We have summarized our main observations and the conclusions that can be drawn from them in the following three points:

• In the case of a uniform-overlay welded material structure, a linear relationship can be determined between the Cr equivalents predicted in the mixture and the measured Cr values. All this is an important aspect due to the expected corrosion-resistance level. The novelty of the relationships is that in both the Schaeffler and WRC-92 methods, Equations (5) and (6) are relationships independent of the layer type; therefore, using these relationships, the expected Cr content can be estimated in the buffer and cladding layers very accurately.
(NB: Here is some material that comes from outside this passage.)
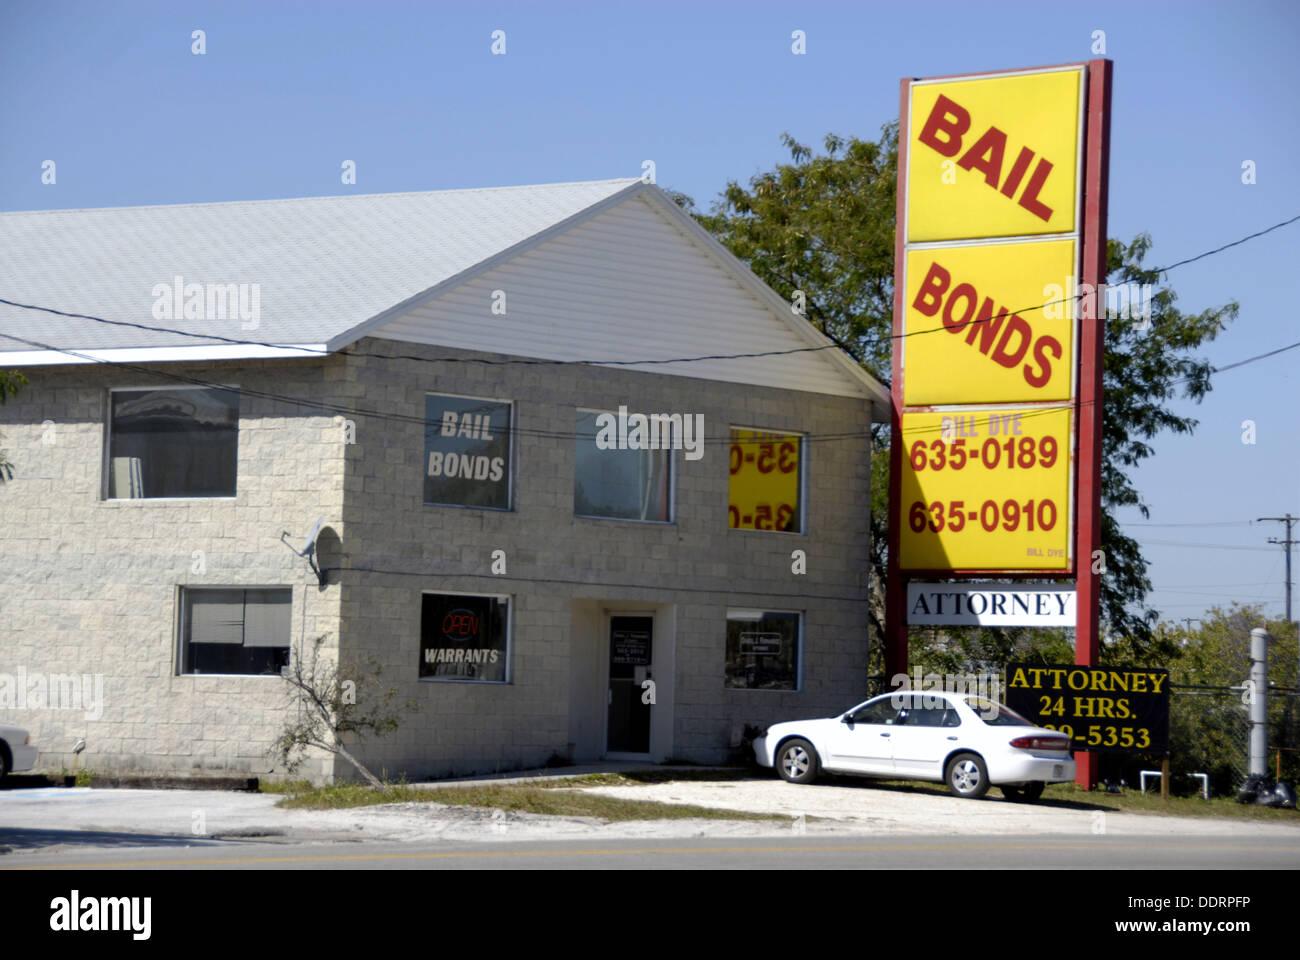 Bail Bonds establishments - Stock Image

• A quadratic regression relationship can be established between the Cr or Ni content and the phase elements. On the basis of the relationship, the limit of phase element changes in a given system can be estimated (but not defined). The functional relationship allows identifying the phases present based on the measurement of the Cr or Ni content. The exact boundary transition so far is missing, but a transition zone can be determined based on our studies, which falls between 11.29–11.73% based on the Ni content. Below it, only the delta ferrite phase is present, and above it, only the austenite phase is present.
• We observed that the Cr content in the delta ferrite shows stronger changes with the increase in the number of layers. We were able to demonstrate all this numerically based on the data in Table 3 and our measurement results. According to the technical certificate, the Cr content of the E316L filler material is 19%, while according to the measurements, the average Cr content of the cladding layer is 19.63%. At the same time, the filler material of the E309LMo buffer weld had a Cr content of 22.9%, but our measurements indicated an average Cr content of only 18.67% in the buffer layer. Based on the above, we can identify that the Cr was enriched in the delta ferrite towards the surface.

All in all, in terms of reducing the environmental load, we presented an effective overlay welding solution in our study, in which we managed to identify further research directions in the topic, which requires a wider expansion of the studies in the future.